Personal information
- Full name: Daniel Charles Armstrong
- Date of birth: 11 October 1997 (age 28)
- Place of birth: Taunton, England
- Height: 5 ft 9 in (1.75 m)
- Position: Winger

Team information
- Current team: Dinamo București
- Number: 77

Youth career
- 2006–2015: Hamilton Academical
- 2015–2018: Wolverhampton Wanderers

Senior career*
- Years: Team / Apps / (Gls)
- 2017–2018: Wolverhampton Wanderers / 0 / (0)
- 2018: → Dunfermline Athletic (loan) / 6 / (0)
- 2018–2019: Raith Rovers / 9 / (5)
- 2019: Ross County / 6 / (0)
- 2019–2021: Raith Rovers / 40 / (8)
- 2021–2025: Kilmarnock / 123 / (19)
- 2025–: Dinamo București / 48 / (10)

International career
- 2012–2013: Scotland U16 / 4 / (0)

= Daniel Armstrong (footballer, born 1997) =

Scottish professional footballer

Daniel Charles Armstrong (born 10 October 1997) is a Scottish professional footballer who plays as a winger for Liga I club Dinamo București.

==Career==
Armstrong began his career playing youth football with Scottish club Hamilton Academical. After almost 10 years with the club, Armstrong was signed by EFL Championship side Wolverhampton Wanderers on 27 October 2015, agreeing a three-year deal with the side.

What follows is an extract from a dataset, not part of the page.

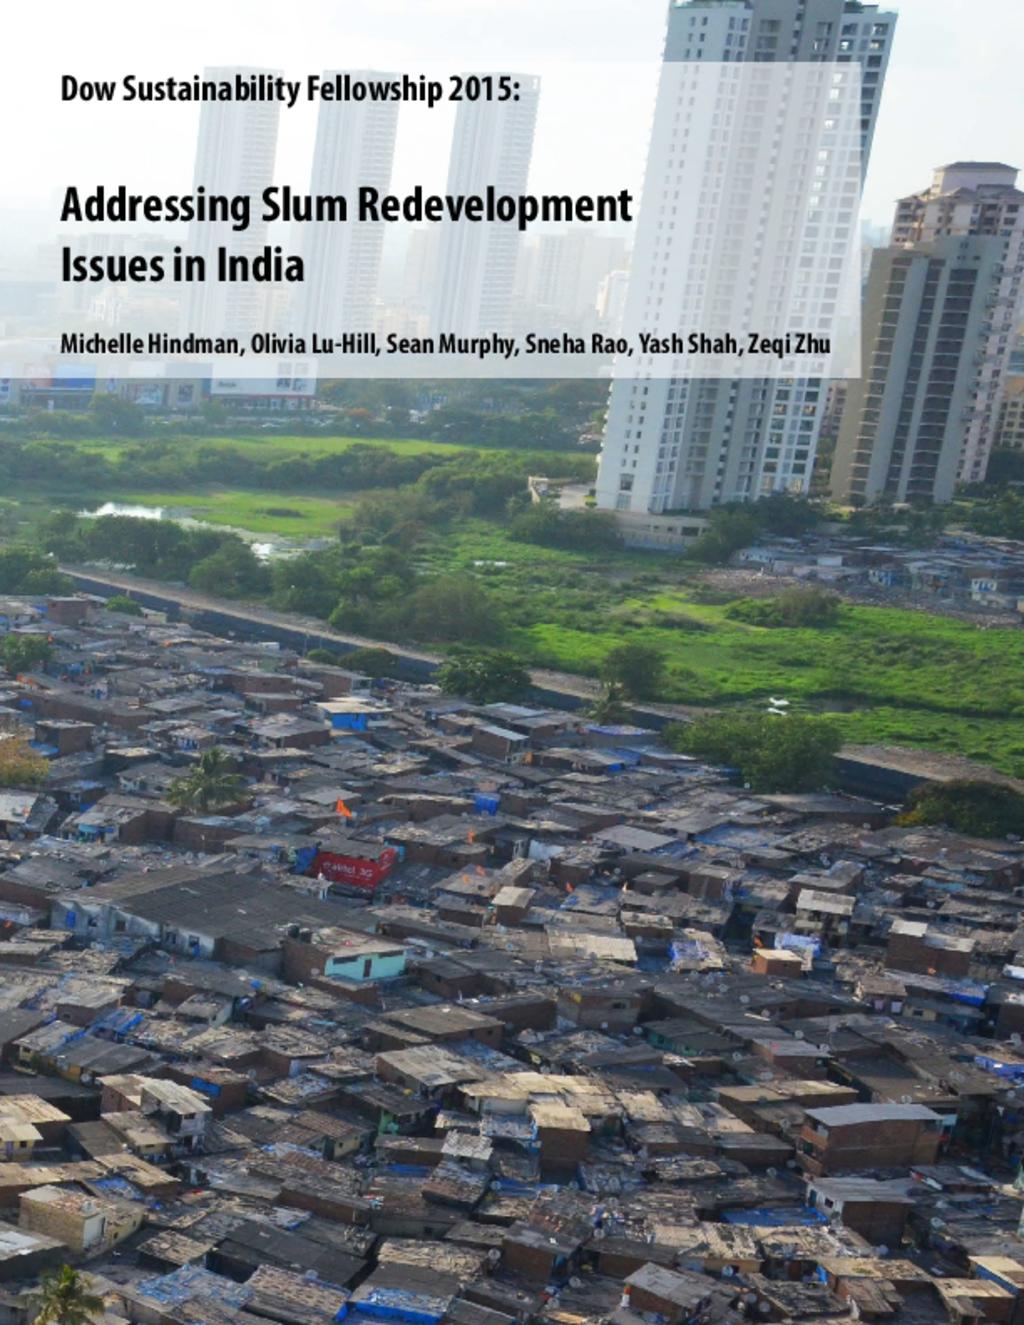 Addressing Slum Redevelopment Issues in India

After primarily playing for the club's youth sides, Armstrong was loaned out to Scottish Championship side Dunfermline Athletic at end of January 2018, with the player expressing a desire to play first-team football. His first appearance for the club came as a second-half substitute for Andy Ryan in a 0–0 draw with Livingston.

He was released by Wolves at the end of the 2017–18 season. Armstrong then signed a short-term contract with Raith Rovers, and scored five goals in 11 appearances for the Kirkcaldy club. Armstrong moved to Scottish Championship club Ross County in January 2019. He scored on his debut for Ross County against East Fife in the Scottish Challenge Cup. Armstrong left County on 2 September 2019, and then returned to Raith Rovers in October 2019.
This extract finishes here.